Yong Phui S Au, Ke Yuhe, Kok Eunice J Y, Tan Brenda P Y, Kadir Hanis Abdul, Abdullah Hairil R
Division of Anaesthesiology and Perioperative Medicine, Singapore General Hospital, Singapore, Singapore.
Duke-NUS Medical School, Singapore, Singapore.
Can J Anaesth. 2024 Mar;71(3):353-366. doi: 10.1007/s12630-023-02676-z. Epub 2024 Jan 5.
Preoperative anemia is associated with poor postoperative outcomes. Older patients have limited physiologic reserves, which renders them vulnerable to the stress of major abdominal surgery. We aimed to determine if the severity of preoperative anemia is associated with early postoperative morbidity among older patients undergoing major abdominal surgery.

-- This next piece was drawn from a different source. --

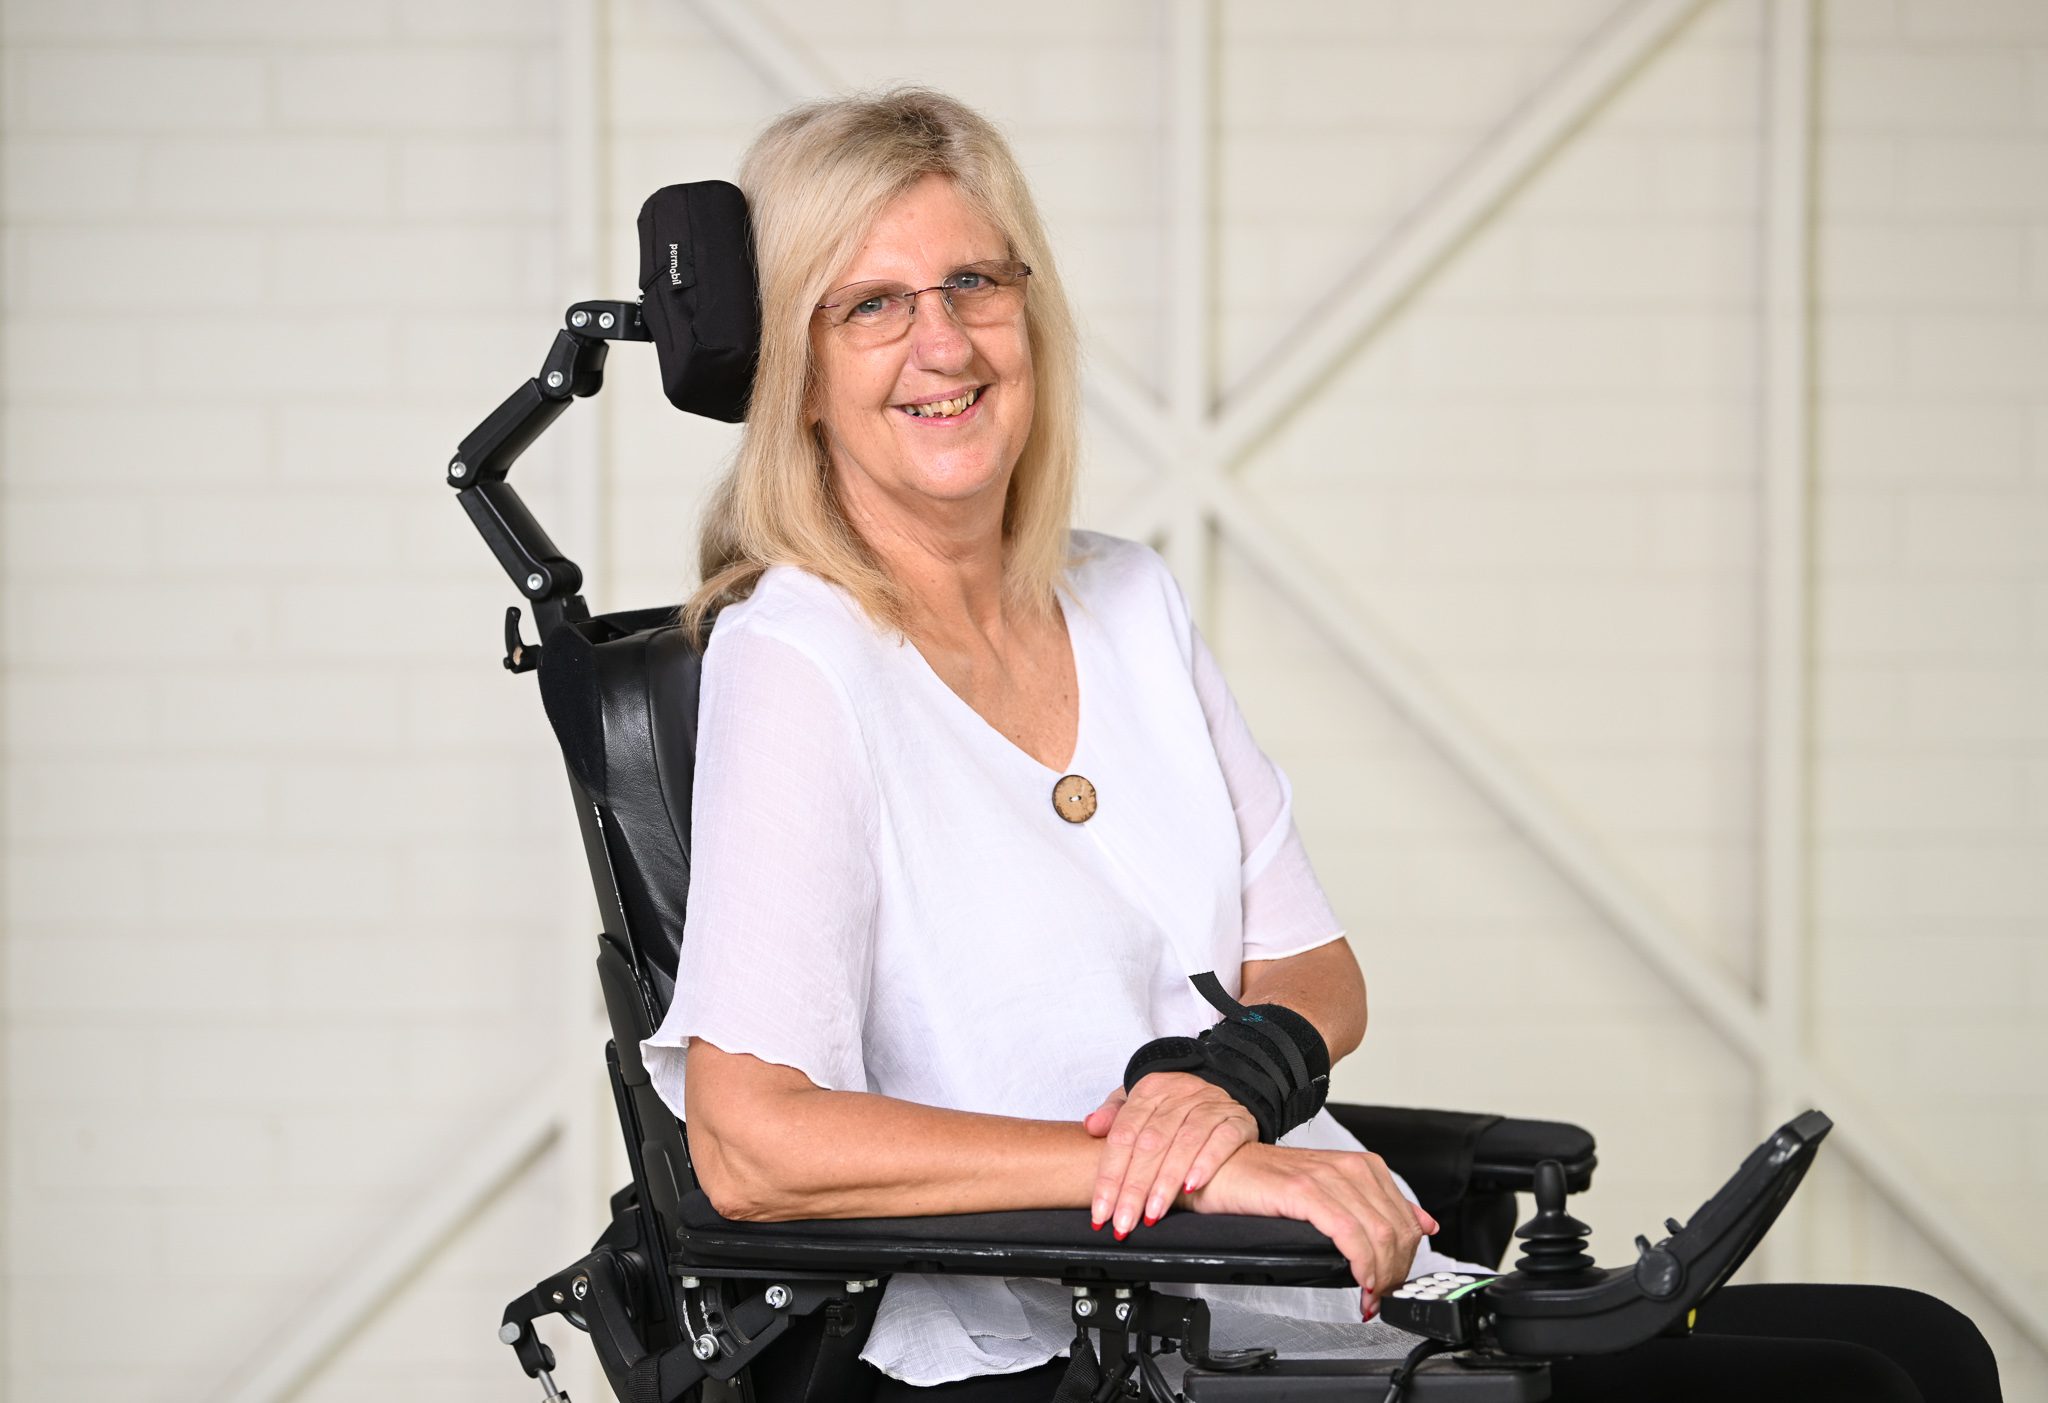 A woman with long blonde hair, wearing a white blouse, sitting in a wheelchair and looking at the camera smiling.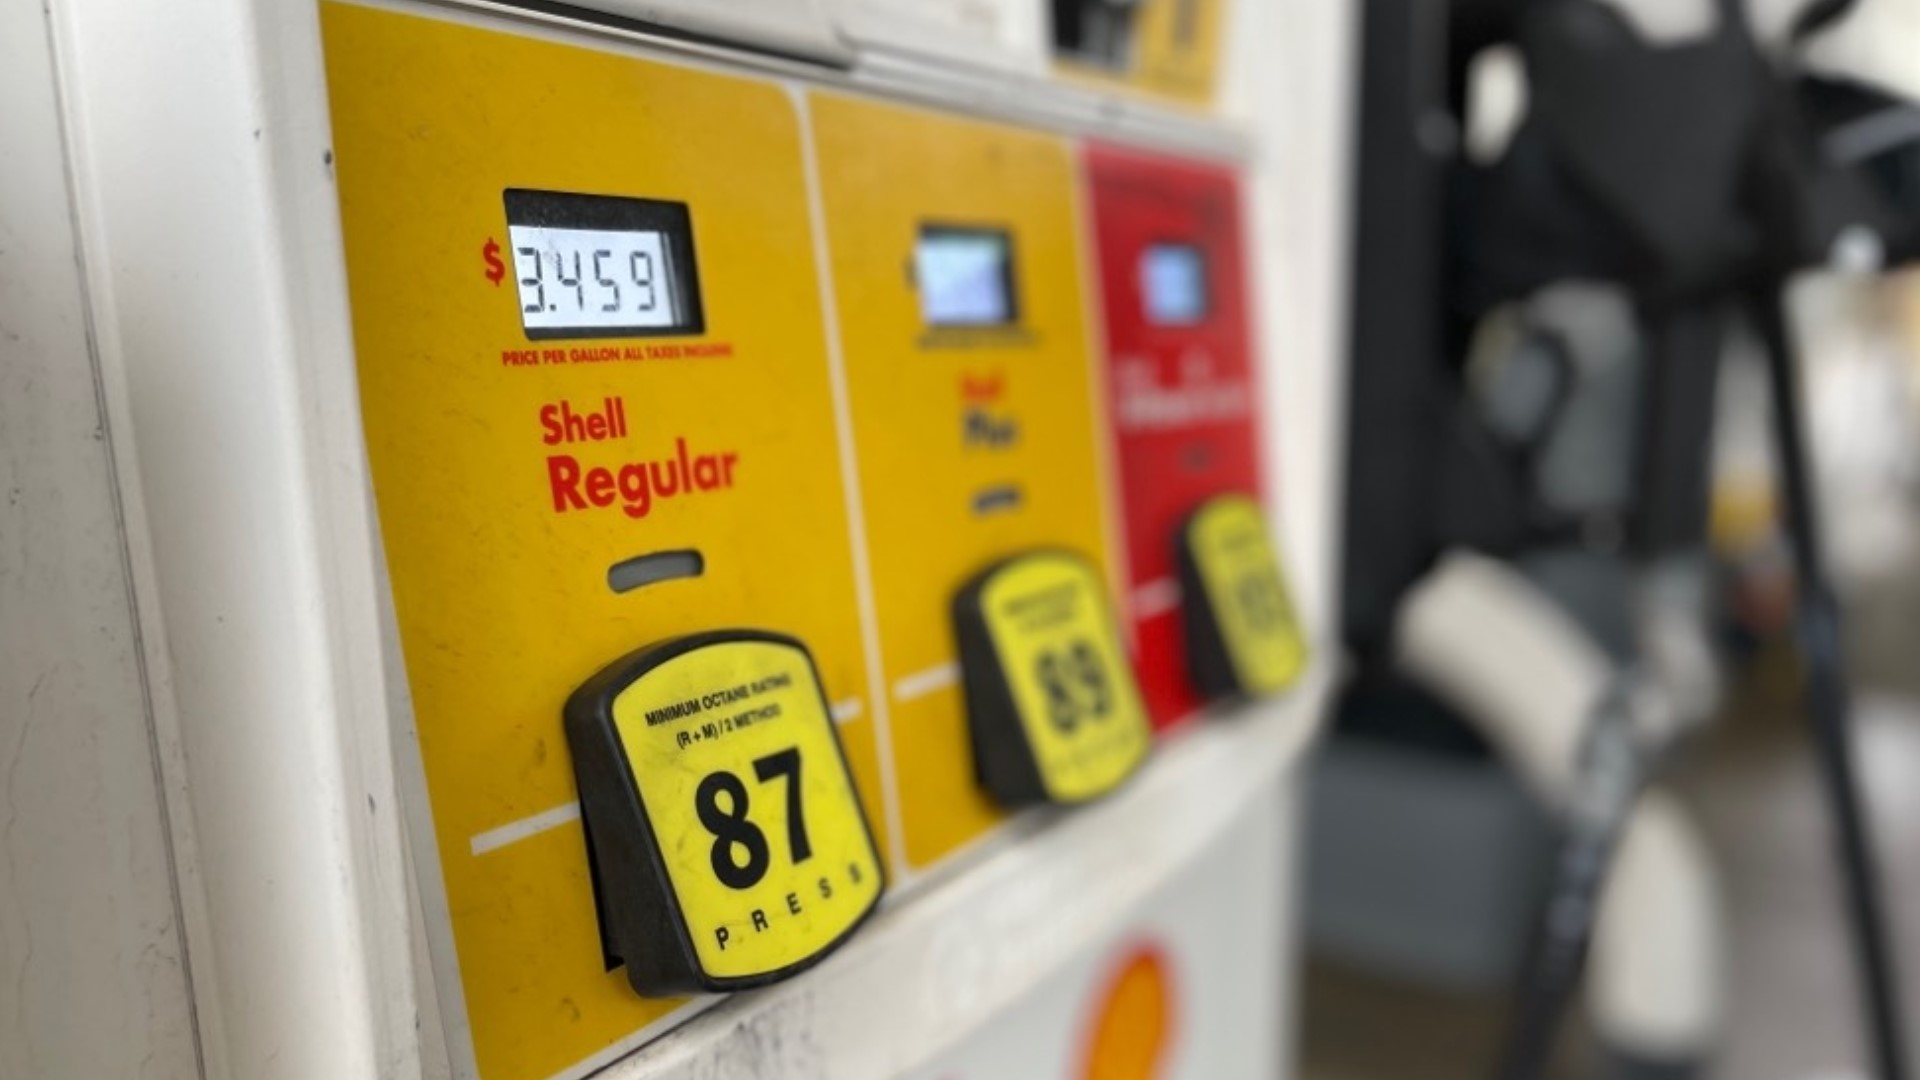 Right now - Kentuckians are paying an average of 3.22 a gallon for regular gasoline. That's Up 25 cents from a month ago and 78 cents from a year ago.

Ethics approval was obtained from SingHealth Centralized Institutional Review Board. This is a prospective observational study conducted in the preoperative anesthesia clinic of a tertiary Singapore hospital from 2017 to 2021. Patient demographic data, comorbidities, and intraoperative details were collected. Outcome measures included blood transfusions, complications according to the Postoperative Morbidity Survey, days alive and out of hospital (DaOH), length of hospital stay, and mortality.
A total of 469 patients were analyzed, 37.5% of whom had preoperative anemia (serum hemoglobin of < 13 g·dL in males and < 12 g·dL in females). Anemia was significantly associated with older age, a higher age-adjusted Comprehensive Complication Index score, a higher incidence of diabetes mellitus, and a higher proportion of patients with an American Society of Anesthesiologists Physical Status of III or IV. The severity of anemia was associated with the presence of early postoperative morbidity at day 5, increased blood transfusions, longer length of hospital stay, and fewer DaOH at 30 days and six months.
Anemia is significantly associated with poorer postoperative outcomes in the older population. The impact of anemia on postoperative outcomes could be further evaluated with quality of life indicators, patient-reported outcome measures, and health economic tools.
术前贫血与术后不良结局相关。老年患者的生理储备有限,这使他们易受腹部大手术应激的影响。我们旨在确定术前贫血的严重程度是否与接受腹部大手术的老年患者术后早期发病率相关。
获得新加坡健康集团中央机构审查委员会的伦理批准。这是一项前瞻性观察性研究,于2017年至2021年在新加坡一家三级医院的术前麻醉诊所进行。收集患者的人口统计学数据、合并症和术中细节。结局指标包括输血情况、根据术后发病率调查的并发症、存活且出院天数(DaOH)、住院时间和死亡率。
共分析了469例患者,其中37.5%有术前贫血(男性血清血红蛋白<13 g·dL,女性<12 g·dL)。贫血与老年、年龄调整后的综合并发症指数评分较高、糖尿病发病率较高以及美国麻醉医师协会身体状况为III或IV级的患者比例较高显著相关。贫血的严重程度与术后第5天早期发病率的存在、输血增加、住院时间延长以及30天和6个月时较少的DaOH相关。
贫血与老年人群较差的术后结局显著相关。贫血对术后结局的影响可以通过生活质量指标、患者报告的结局测量和健康经济工具进一步评估。